Croatia's president tasked Wednesday a pharmaceutical executive to form a new government and end the political standoff that has plagued the Balkan EU nation since inconclusive elections last month.
"Tihomir Oreskovic proved to me that he enjoys the support of (a majority of) 78 MPs ... and I task him ... to form a new government," President Kolinda Grabar-Kitarovic said at a brief ceremony.
Oreskovic, a senior financial manager for global generic medicine giant Teva, was put forward earlier Wednesday as a non-partisan candidate for premier by two conservative parties that had only the previous day cobbled together a majority of deputies in the 151-seat parliament.
Oreskovic, who graduated with a degree in chemistry and an MBA from Canadian universities, pledged to invest all his "knowledge and efforts to form a high-calibre government and start resolving the accumulated problems."
Top among them will be the economy, which is only slowly emerging from six years of recession.
"I urge the parliamentary majority and opposition to support me in that," added the 49-year-old.
Zagreb-born Oreskovic is the former chief executive officer of Croatia's largest pharmaceutical company PLIVA, which became a unit of global generics giant Teva Group.
But the long years he spent abroad studying and working has left his Croatian rusty and accented, which immediately sparked comments on social networks.

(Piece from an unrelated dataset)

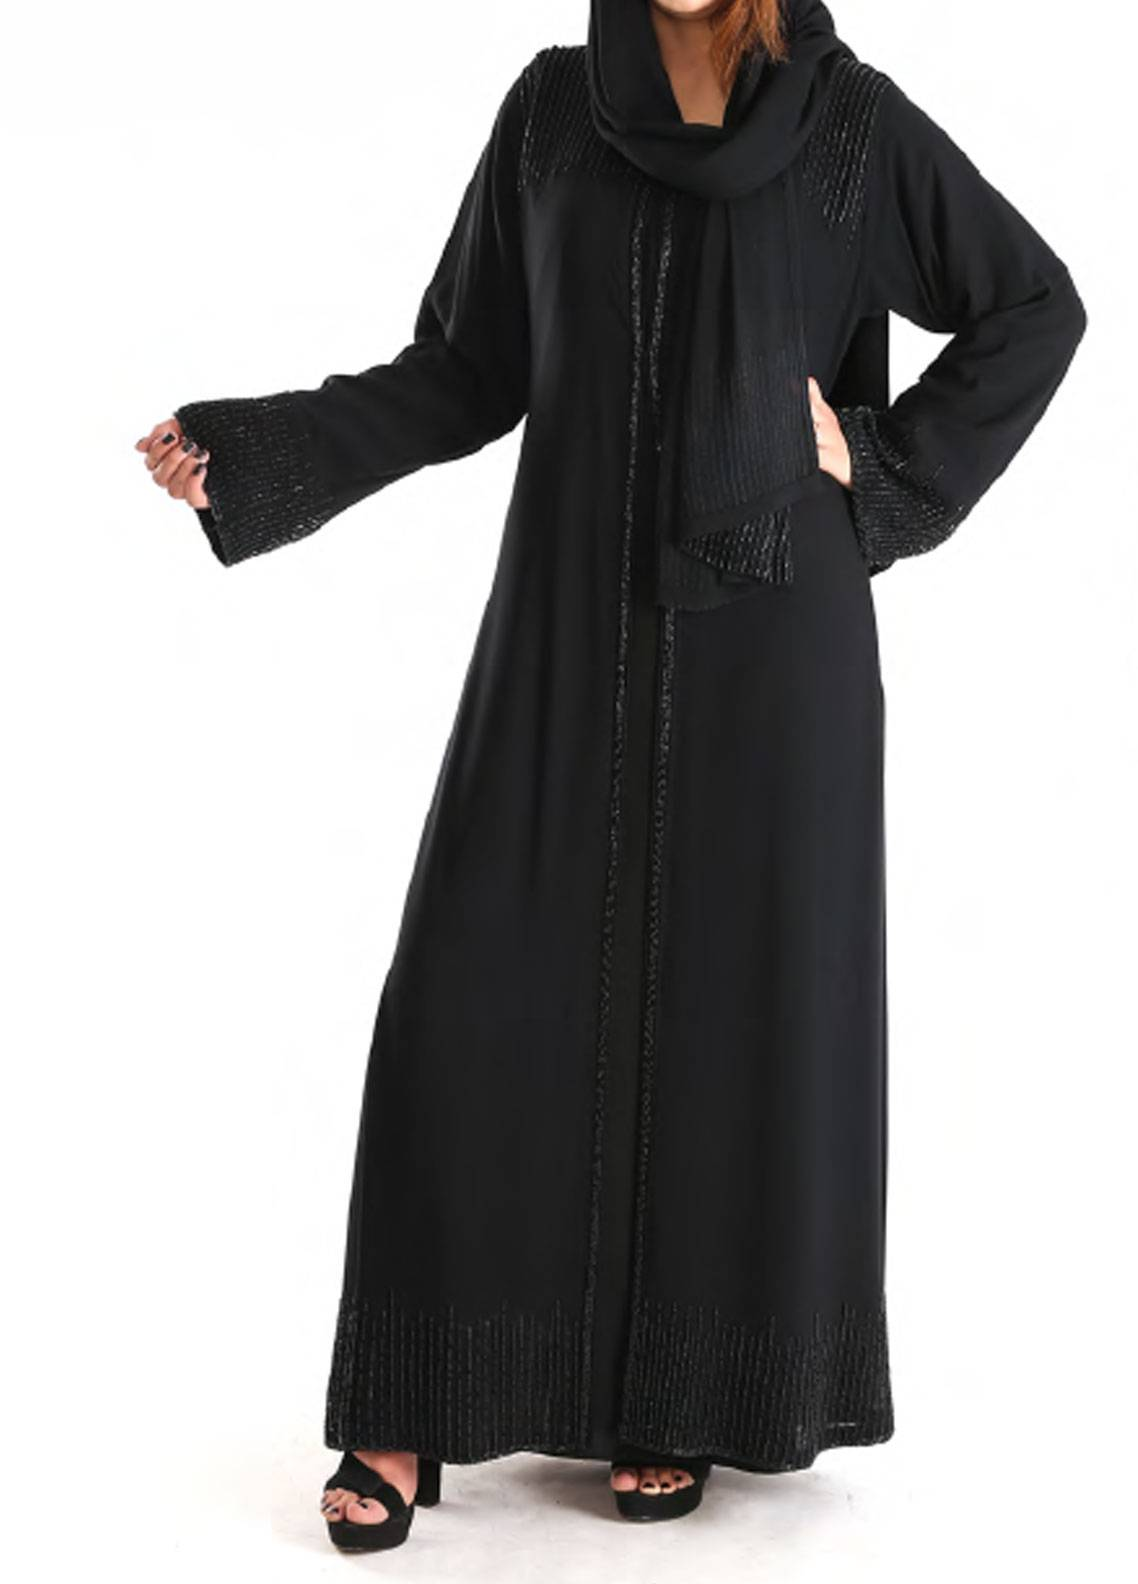 Hijab ul Hareem Formal Wool Chiffon Stitched Abaya 0121-J-995

The appointment of a political outsider as prime minister helped the conservative main HDZ party and the newcomer Most agree to form a coalition, six weeks after the November 8 election that failed to produce an outright winner.
If confirmed by the parliament, Oreskovic would be Croatia's first prime minister not to hail from one of its two main political power bases -- the HDZ and the centre-left Social Democrats.
The two have alternated in power since the former Yugoslav republic proclaimed independence in 1991.
The incumbent Social Democrats and the HDZ struggled to find coalition partners, with reforms needed to spur Croatia's economy and and how to handle the unprecedented influx of refugees on their way to northern Europe the main subject of negotiations.
The small nation with the population of 4.2 million joined the EU in 2013, and remains one of the bloc's poorest-performing economies.
Heavily dependent on tourism to the country's stunning Adriatic coast, Croatia's economy is expected to expand by 1.7 percent this year after half a decade of recession and stagnation that has left nearly one in six people unemployed.
Oreskovic has 30 days to secure support for his cabinet. If he does not succeed the president may give him another 30 days and if he fails again another candidate can be named.